# Western Digital My Expander 500gb no enclosure



## mreaves53 (Feb 9, 2009)

I have for sale a Western Digital 500 gb My DVR Expander HD. I recently had a problem with my TiVo internal hd. In my efforts to trouble shoot the problem I removed the WD HD from its enclosure and put it in a different enclosure. The problem was the internal HD. I replaced it with a 1Tb drive from Weaknees. I now have the WD 500GB HD with out the enclosure that I would like to sell.

I will take $25.00 and with free shipping anywhere in the continental US.

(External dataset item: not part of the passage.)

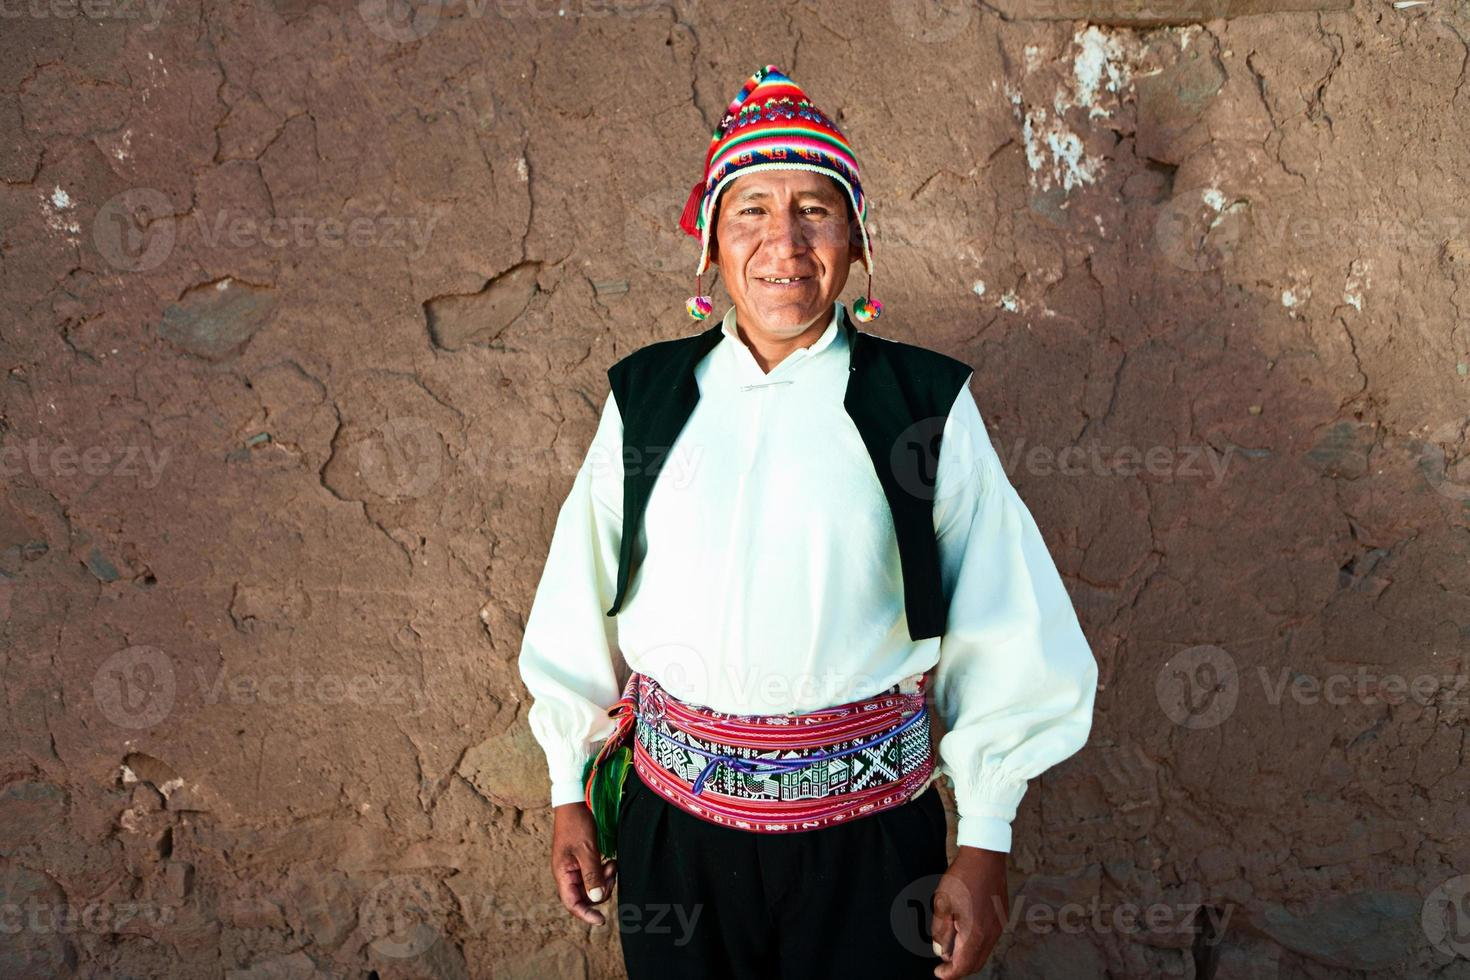 Mann in Tracht auf Taquile Island, Peru foto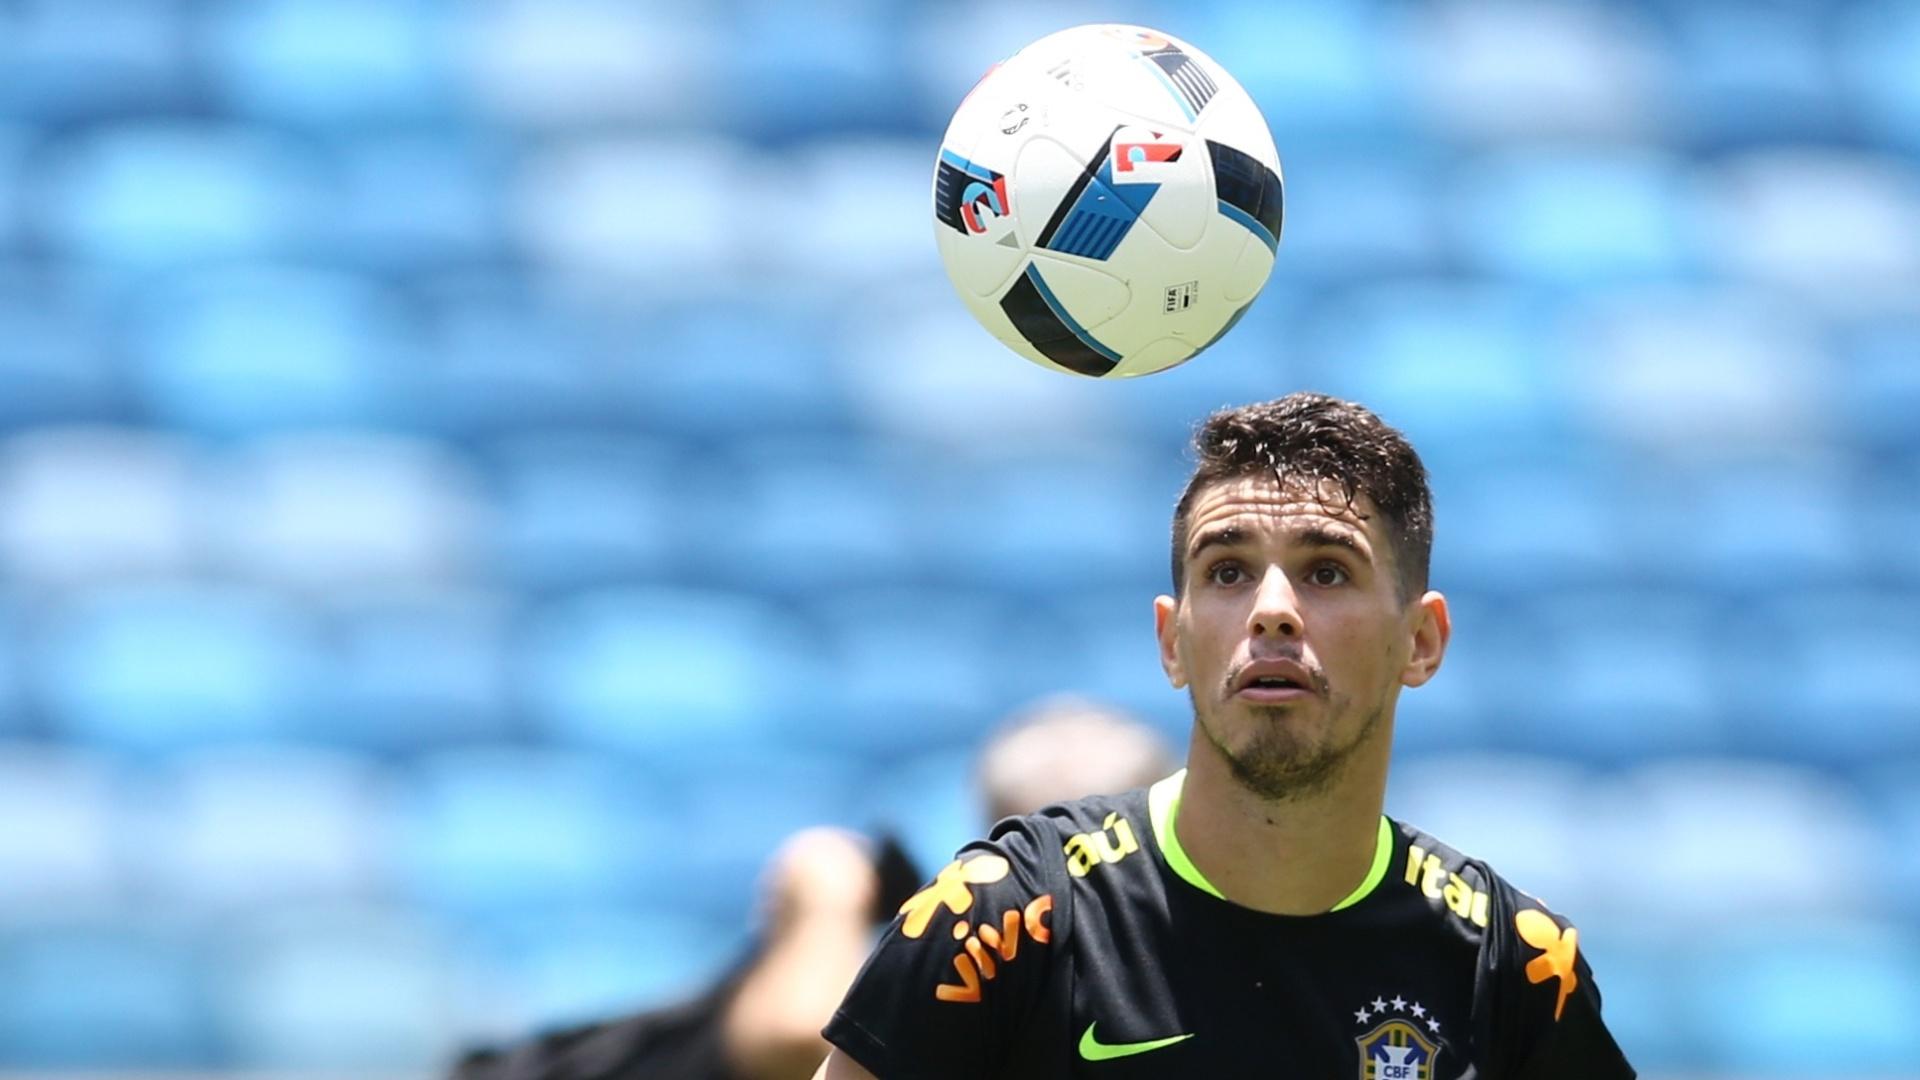 Oscar participa de treino com a seleção brasileira na Arena das Dunas, em Natal (RN)

If you are interested, e-mail me at [email protected].

Thanks,


----------



## unitron (Apr 28, 2006)

mreaves53 said:


> I have for sale a Western Digital 500 gb My DVR Expander HD. I recently had a problem with my TiVo internal hd. In my efforts to trouble shoot the problem I removed the WD HD from its enclosure and put it in a different enclosure. The problem was the internal HD. I replaced it with a 1Tb drive from Weaknees. I now have the WD 500GB HD with out the enclosure that I would like to sell.
> 
> I will take $25.00 and with free shipping anywhere in the continental US.
> 
> ...


Did you destroy the WD enclosure in the process of removing the drive?

What's the model number on the sticker on top of the drive?


----------



## mreaves53 (Feb 9, 2009)

Sorry I took so long in getting back to you. Yes the enclosure is destroyed. The model# is WD5000AVVS-63ZWBO and the serial#: 50014EE256723979. Date of manufacture is 15 Feb 2008.

If you need any additional info, please ask.

Thanks,


----------